Personal information
- Date of birth: 1914
- Place of birth: Hong Kong

Senior career*
- Years: Team / Apps / (Gls)
- 1935–?: South China B
- Chinese Athletic Association
- Kau Wah FC
- Eastern FC
- Kowloon Motor Bus Company
- Kit Chee

International career
- 1948–1954: China / +0 / (0)
- 1956–1957: Hong Kong / +1 / (+1)

Medal record
Men's football
Representing Taiwan
Asian Games
| Gold medal – first place | 1954 Manila |  |

= Zou Wenzhi =

Chinese footballer (born 1914)

Zou Wenzhi (born 1914, date of death unknown) was a Chinese footballer who competed in the men's tournament at the 1948 Summer Olympics. He was very popular in the late 1940s, being regarded by many as the natural successor of Lee Wai Tong.

==Career==
Born in 1914, Zou made his debut in the Hong Kong First Division in 1935, as a member of South China's B team. He went on to play for the likes of the Chinese Athletic Association, Kau Wah FC, Eastern FC, Kowloon Motor Bus Company, and Kit Chee until he retired in 1961, aged 46–47.

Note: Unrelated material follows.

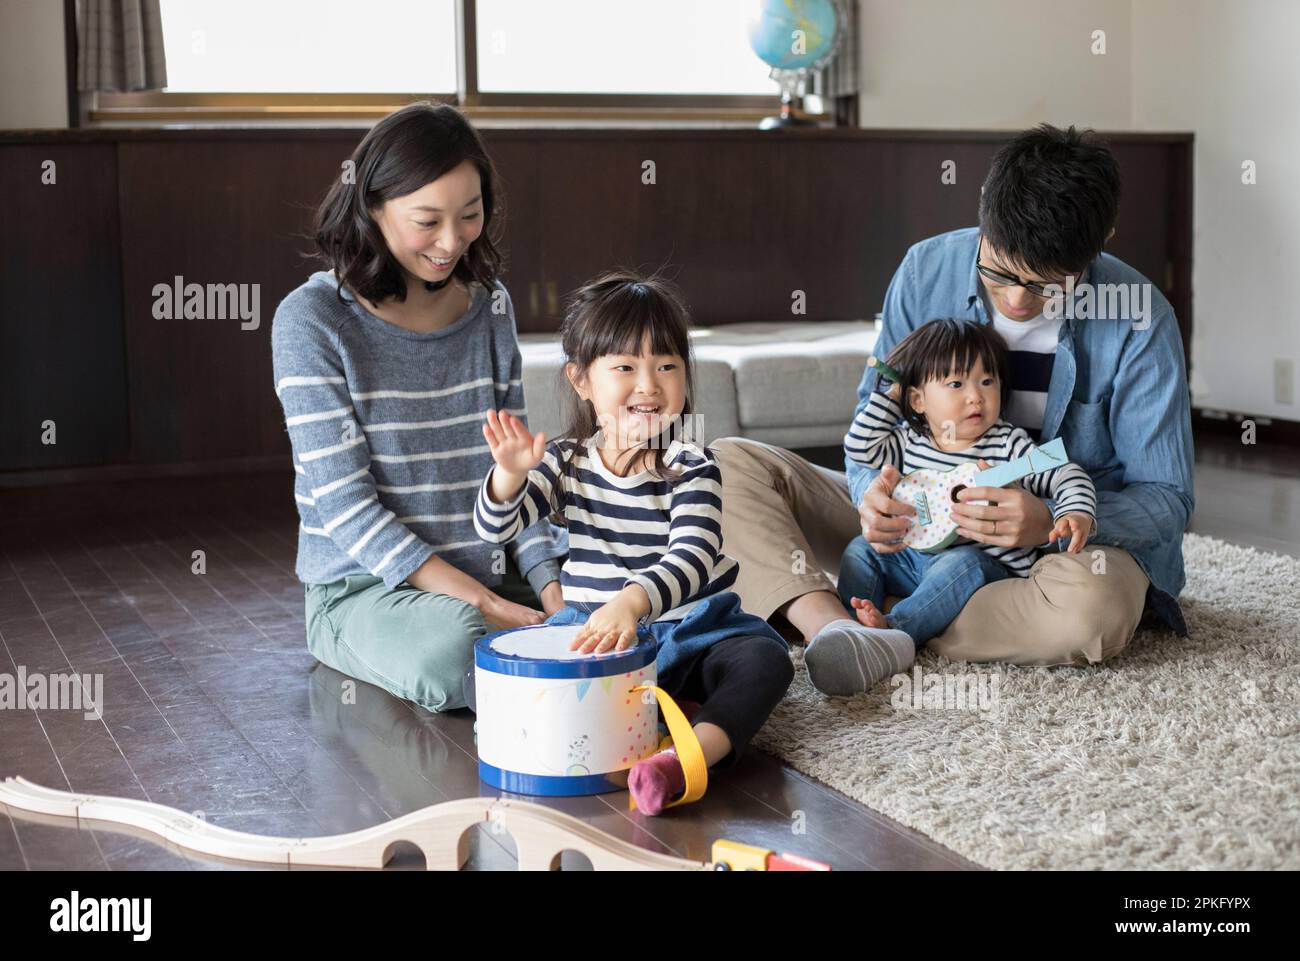 Sisters playing with handmade musical instrument toy and their parents watching Stock Photo

Zou was a member of the Republic of China national team that participated in the football tournament of the 1948 Olympic Games and which won the gold medal in the football tournament of the 1954 Asian Games, to which the 40-year-old Zou contributed with only one appearance in the group stage, a 4–0 win over the Philippines. (Note: The source spells his name as "Chou Wan Chi".) On 31 August 1957, he scored for Hong Kong in a 6–2 win over Cambodia, becoming, at the age of 42-43, the oldest international goalscorer in world football, overtaking England's Stanley Matthews, who had just set the record the previous year, in 1956, aged 41.

Despite being short and having weak shooting power, Zou played bravely and possessed good technique with both feet, being thus capable of playing left or right inside forward, and even as a center back. He sometimes focused too much on personal performance, so the national coach Li used him more as a wingback, which naturally reduced his fancy moves.

He was also very active in martial arts.